The final case, Reno v. ACLU, is rather different from the previous two; while the other two cases provide insight upon specifics (e.g. ISPs blocking content or the reasonable discrimination in net neutrality), Reno provides the Court’s interpretation of the Internet. In 1996, the Rehnquist Court dealt with whether the Communications Decency Act violated the First and Fifth Amendments as the act was broad and vague in defining “indecent” material. The Court ruled that the First Amendment was violated because the Decency Act enacted “content-based blanket restrictions”—the Act did not define “indecent” material, show that adults would not be impacted, or demonstrate that the “offensive” material had no inherent social value (Reno v. ACLU). More important to the matter at hand, net neutrality, is that Reno represents the Court’s first direct involvement with Internet regulation (Bagwell 137). Justice Stevens delivers the Court opinion, emphasizing the Court’s belief that the Internet is “a unique and wholly new medium of worldwide communication” and is “located in no particular geographical location but available to anyone, anywhere in the world, with access to the Internet” (Reno v. ACLU). Additionally, Stevens illustrates how no single organization can control membership and how no “single central” point from a Website or service may be blocked.  Thus, it can now be argued that network neutrality’s aim—to prevent any single ISP from controlling the Internet’s membership and discriminately censor websites or services at their discretion—rings synonymously with Justice Steven’s thoughts.

 

In Republic 2.0, before Sunstein concludes his book, he points out several policies he believes may or may not work, as applied to regulating the Internet in a broader sense.
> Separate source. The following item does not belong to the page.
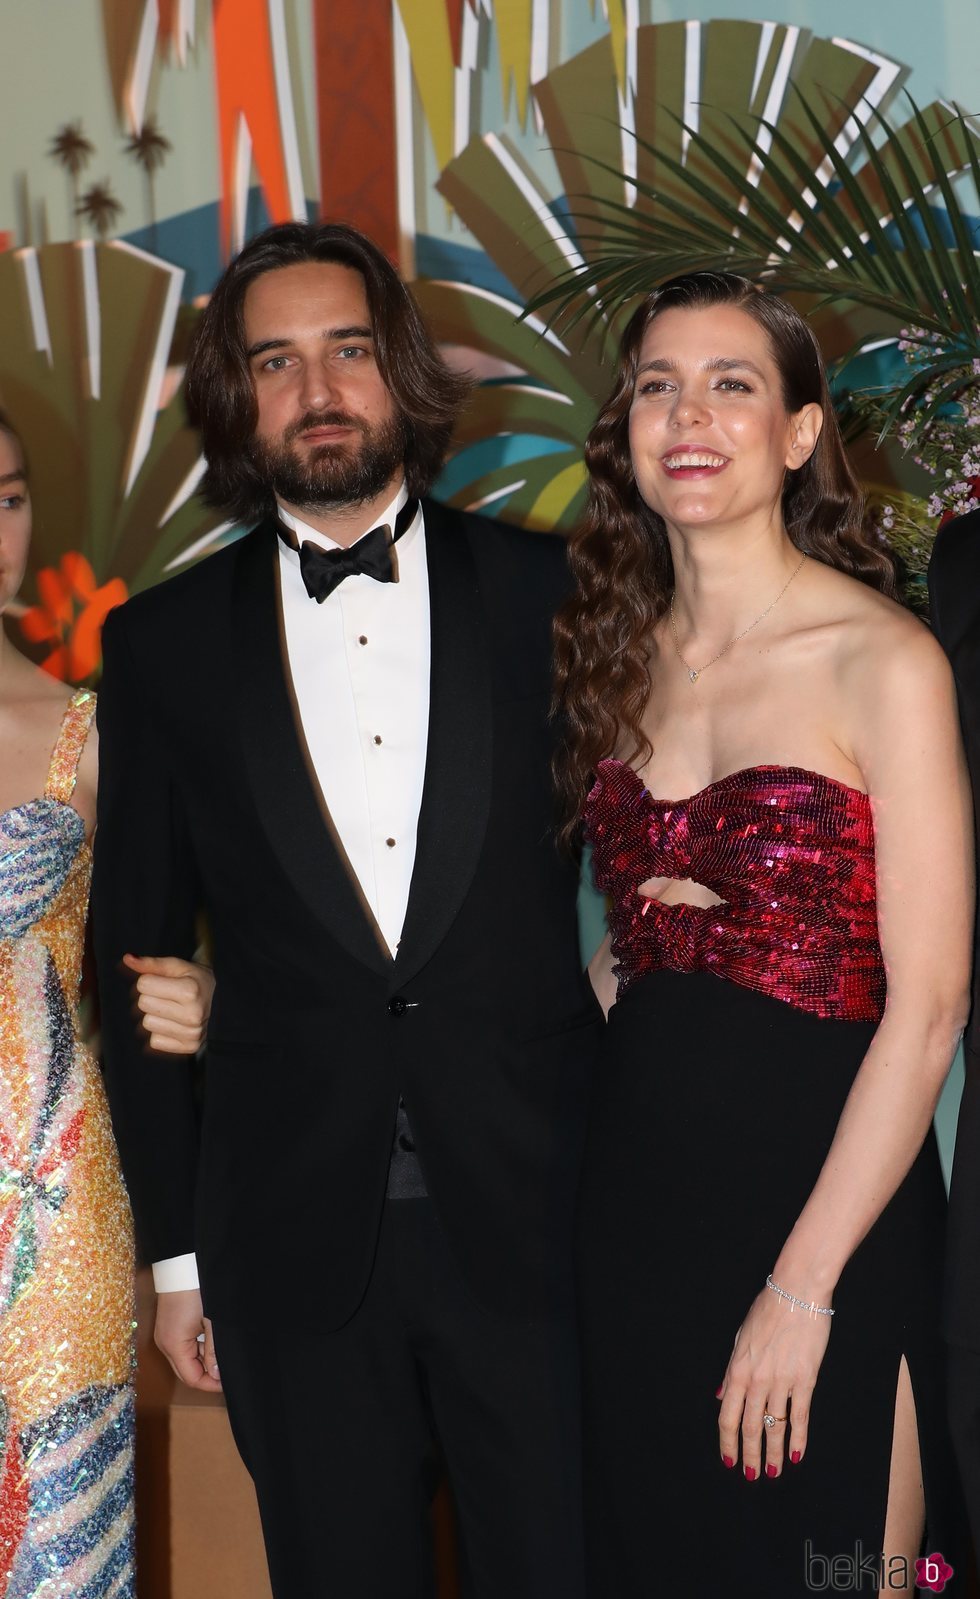 Carlota Casiraghi y Dimitri Rassam en el Baile de la Rosa 2019
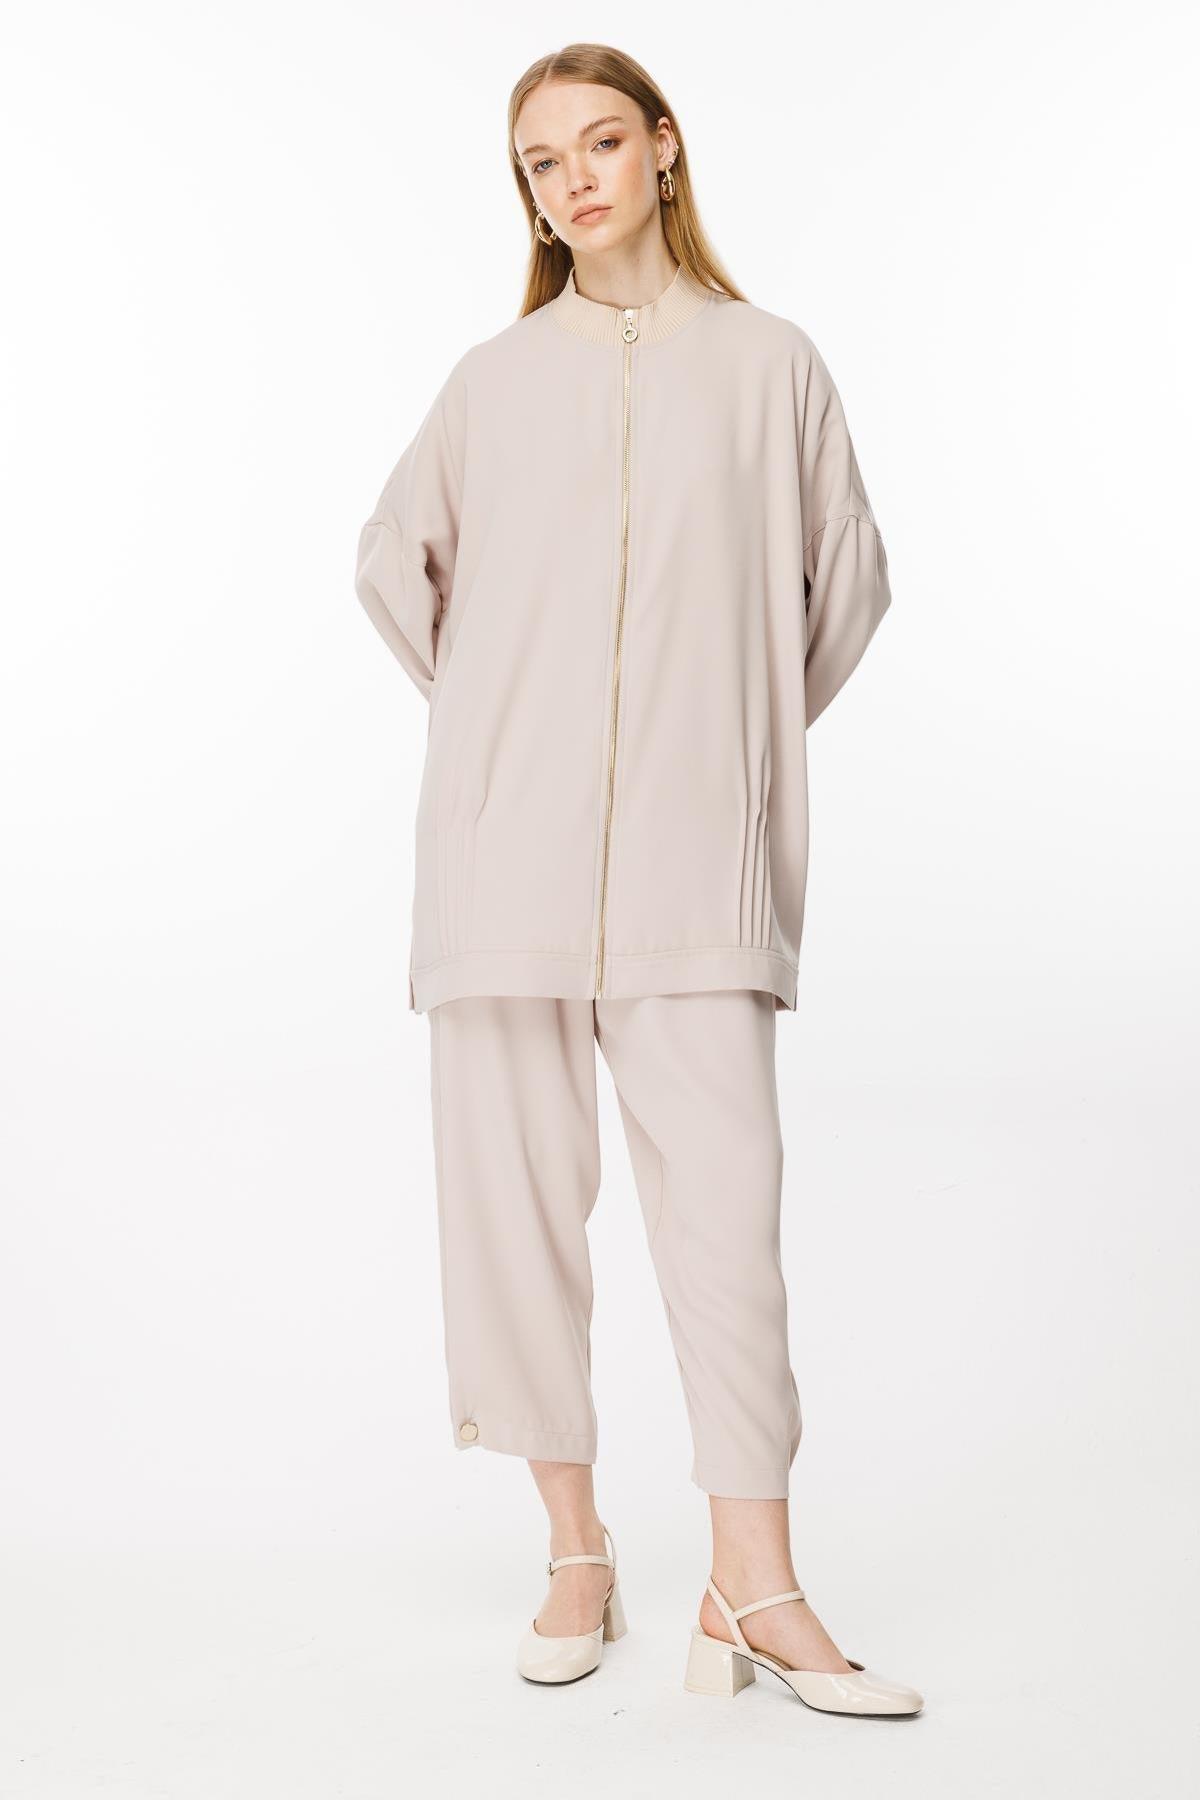 Fermuarlı Tunik Pantolon Takım - Eser Giyim

Sunstein elaborates upon the potential in “must-carry” policies (where both sides of a public issue must be addressed), self-regulation, and disclosure of relevant conduct by producers of communications (Sunstein 192). In this last regard, Sunstein addresses how disclosure has been largely helpful as applied to radio and television broadcasters, but he also expresses how the policy is impossible to apply on websites (Sunstein 198-199). However, Sunstein does not address disclosure as applied to Internet service providers. Internet service providers, if left unregulated, have the capacity to ultimately decide which content is able to be disseminated to consumers through the practice of “blocking.” Through this blocking, free speech may inevitably be impeded upon. The policy of network neutrality appears to be the most optimal solution at the moment, containing rules that are largely reminiscent of the must-carry rule and disclosure Sunstein mentions. Network neutrality forces ISPs to consider a broad range of content through its “reasonable discrimination” rule. Network neutrality forces ISPs to obey disclosure, making sure they reveal network management practices. Deriving from case precedents in the past, network neutrality will, hopefully, maintain an open internet for the future as Justice Stevens iterated—one  that is “available to everyone, anywhere in the world, with access to the Internet.”